Three dominant alleles, R-A1b, R-B1b, and R-D1b of the R genes on the long arms of wheat chromosomes 3A, 3B, and 3D have been verified cytogenetically as being able to confer the red colour to wheat grain (McIntosh et al., 1998). However, it is still not clear whether the R gene is a structural gene for an enzyme or a regulatory factor in flavonoid biosynthesis. Regarding grain colour development, the focus has been on the Vp1 gene of maize as a candidate of the wheat R gene. Vp1 regulates the expression of a Myb-type C1 regulatory gene, which activates the genes in the flavonoid biosynthesis pathway (McCarty et al., 1989). Furthermore, embryo sensitivity to abscisic acid (ABA), grain dormancy, grain maturation, and the expression of the 
-amylase gene are partly under the control of Vp1 (McCarty, 1995). Bailey et al. (1999a) isolated wheat Vp1 (TaVp1), an orthologue of maize Vp1, and found it to be located 30 cM from the R gene. Another Myb-type transcription factor of maize, P, which regulates the expression of CHS, CHI, and DFR, leads specifically to the production of phlobaphene (Grotewold et al., 1994). Bailey et al. (1999b) located one of the two wheat P orthologues on a chromosome of homoeologous group 4.
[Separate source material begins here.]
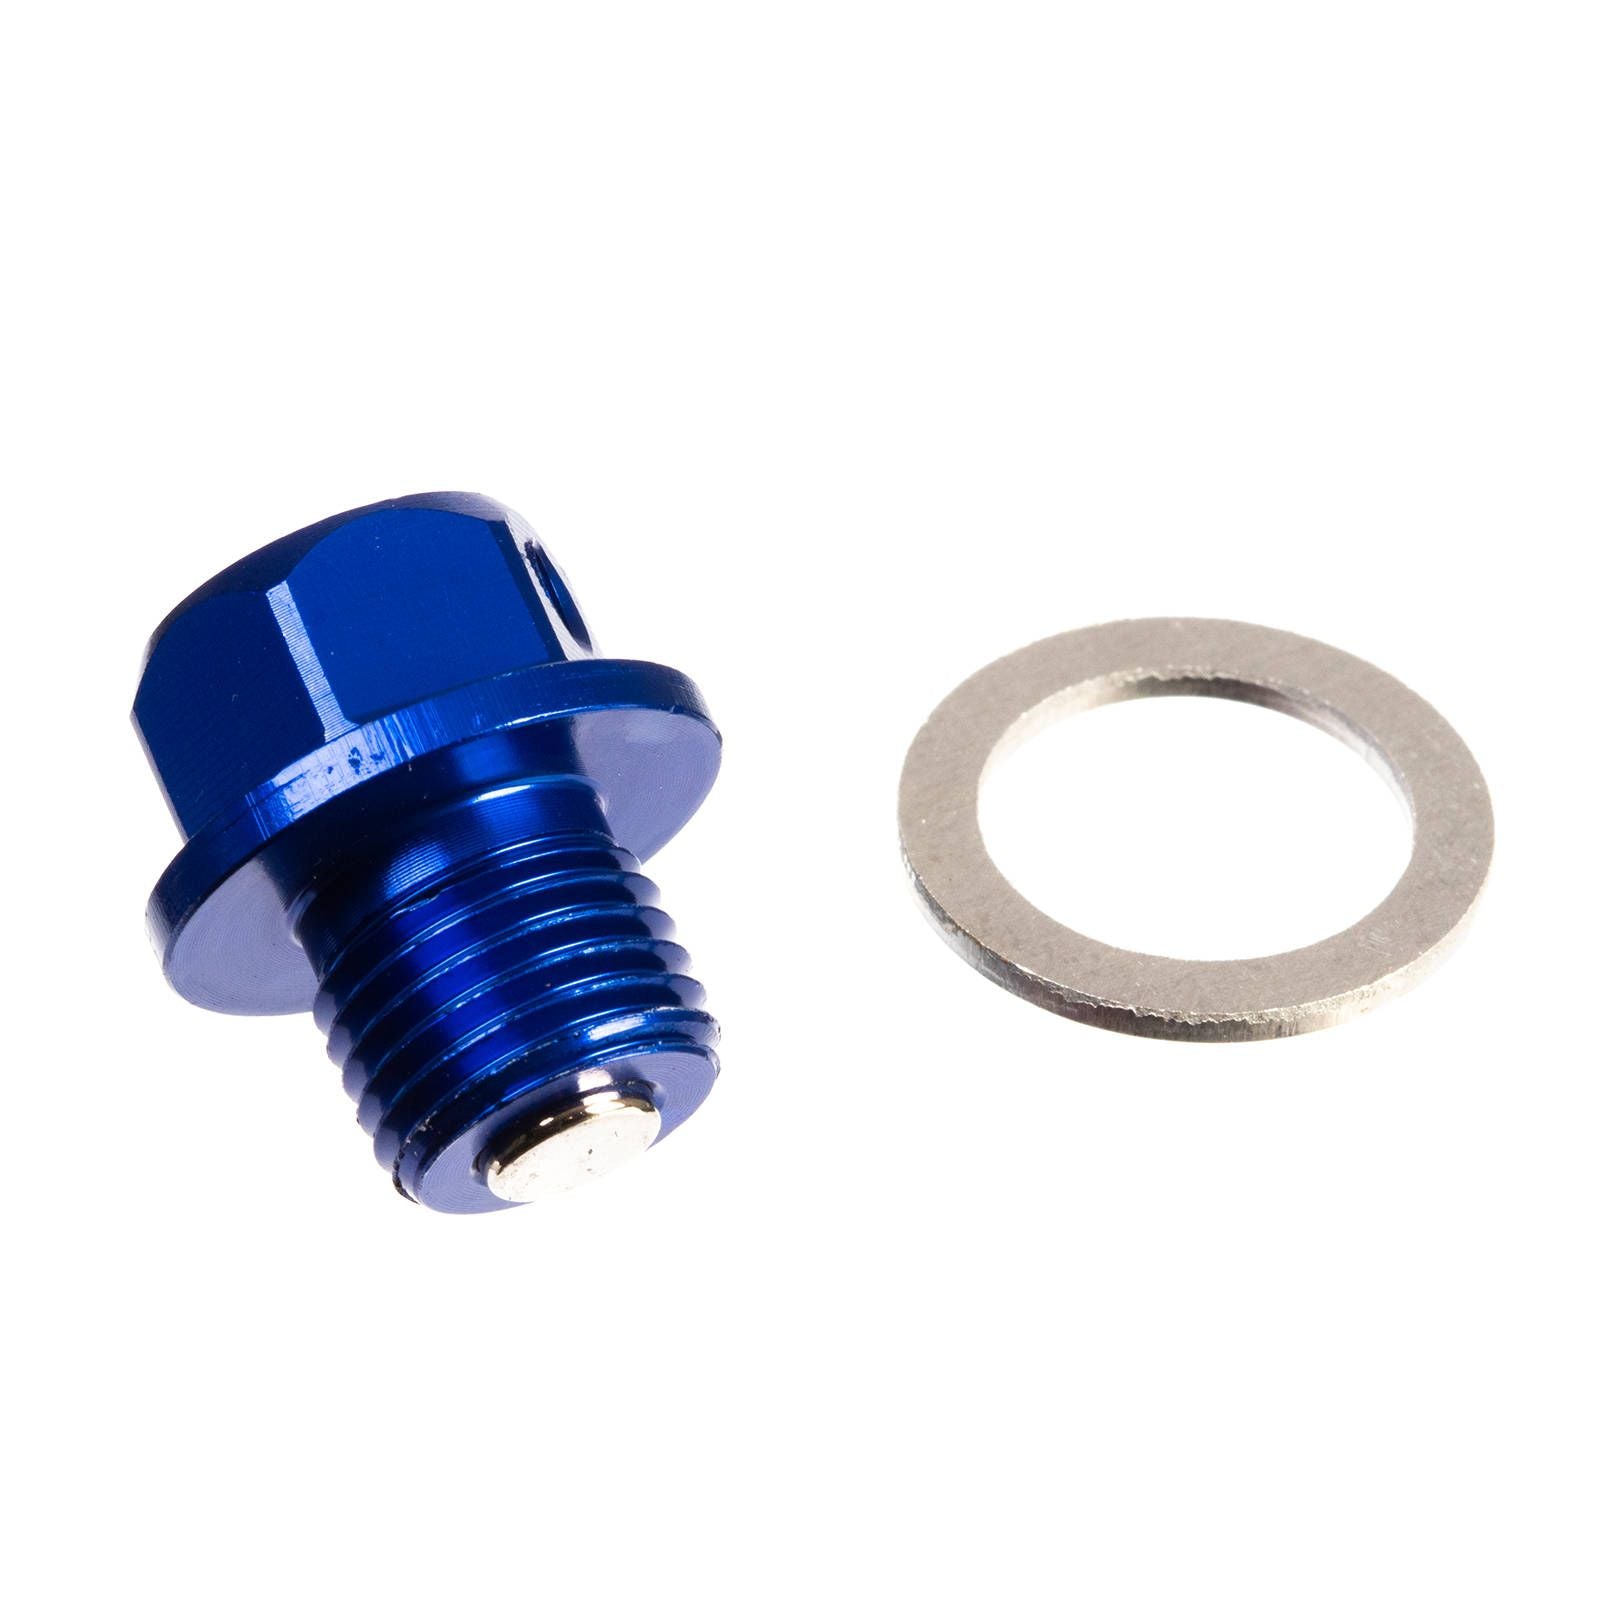 New WHITES Magnetic Sump Plug M12 x 10 x 1.25 - Blue #WPMDP1210125B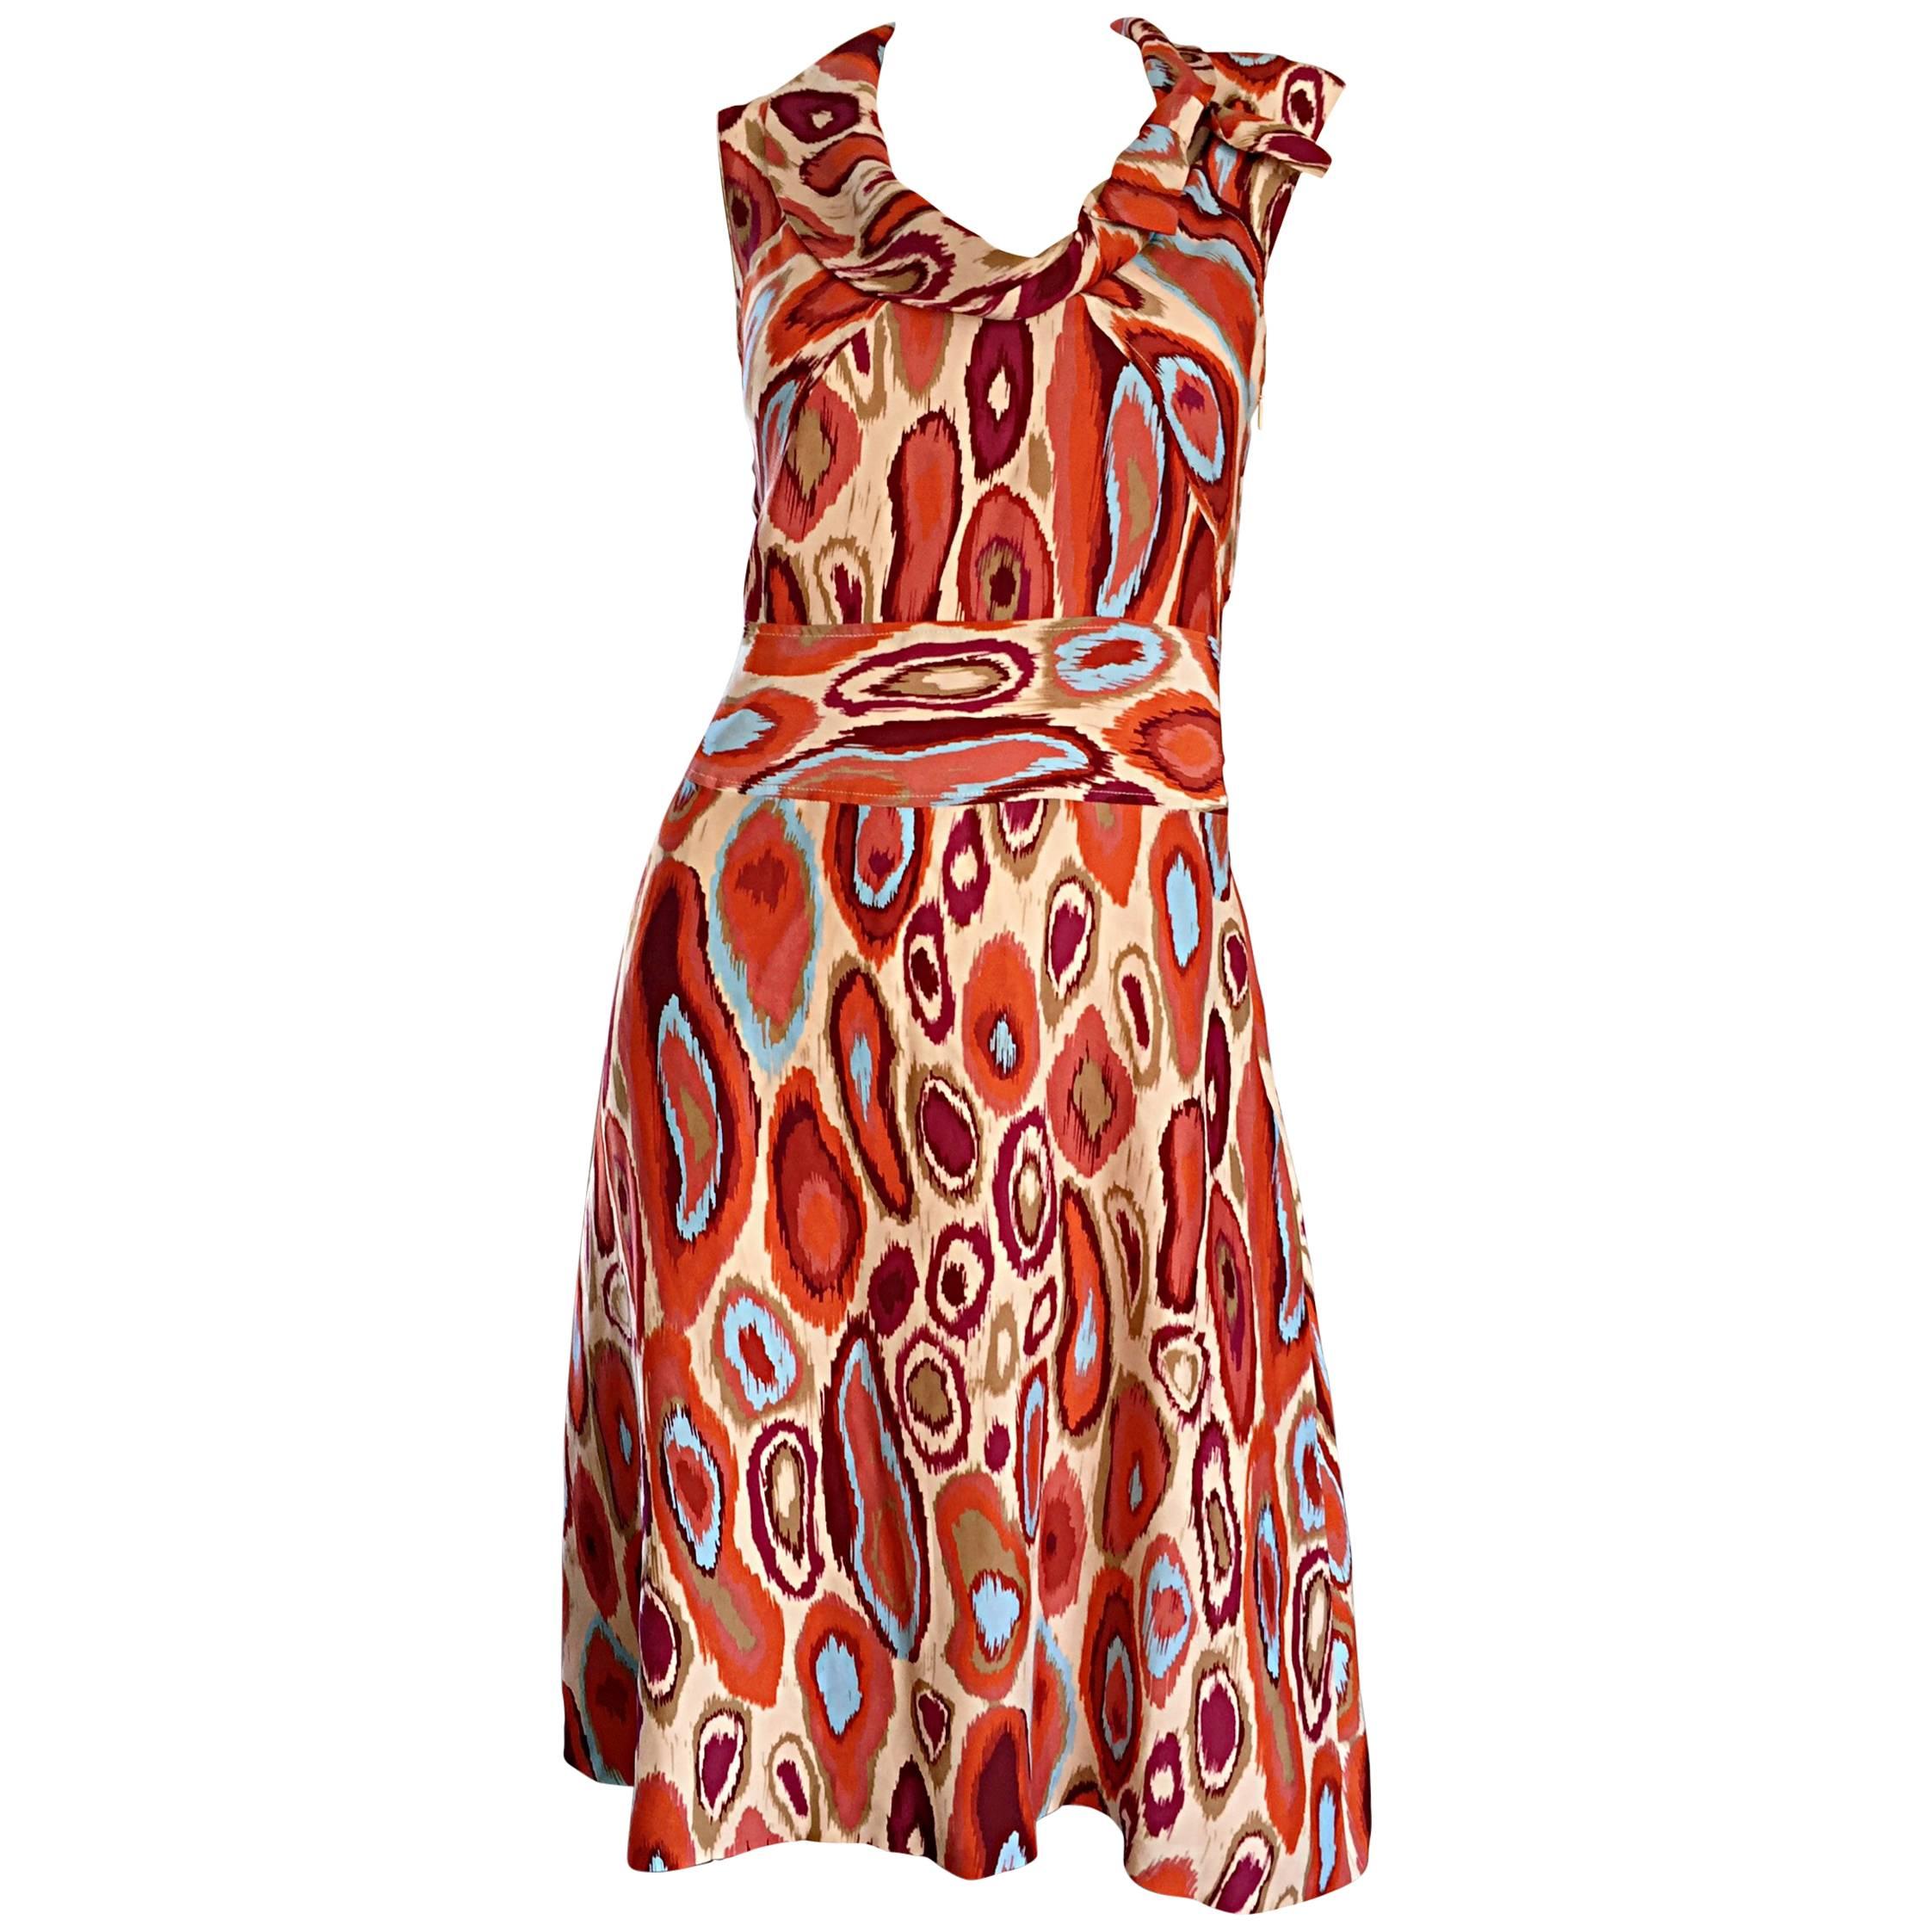 NWT Cacharel Silk Ikat Print Dress Chic 1960s 60s Style

So far there is no information on the genes for enzymes or regulatory factors in the flavonoid biosynthesis pathway of wheat. DFR is located in an important regulatory point in the pathway and is upstream of anthocyanin, proanthocyanidin, and phlobaphene production (Winkel-Shirley, 2001; Polashock et al., 2002).
Three wheat DFRs located on chromosomes 3A, 3B, and 3D have been cloned. Nucleotide sequences in the promoter region of these DFRs included two or three combinations of a G box core element and a binding site for a Myb-type transcription factor, P, but were different among the DFRs. They might function differently in wheat tissues since the three DFRs were expressed at different levels in grains, leaves, and roots.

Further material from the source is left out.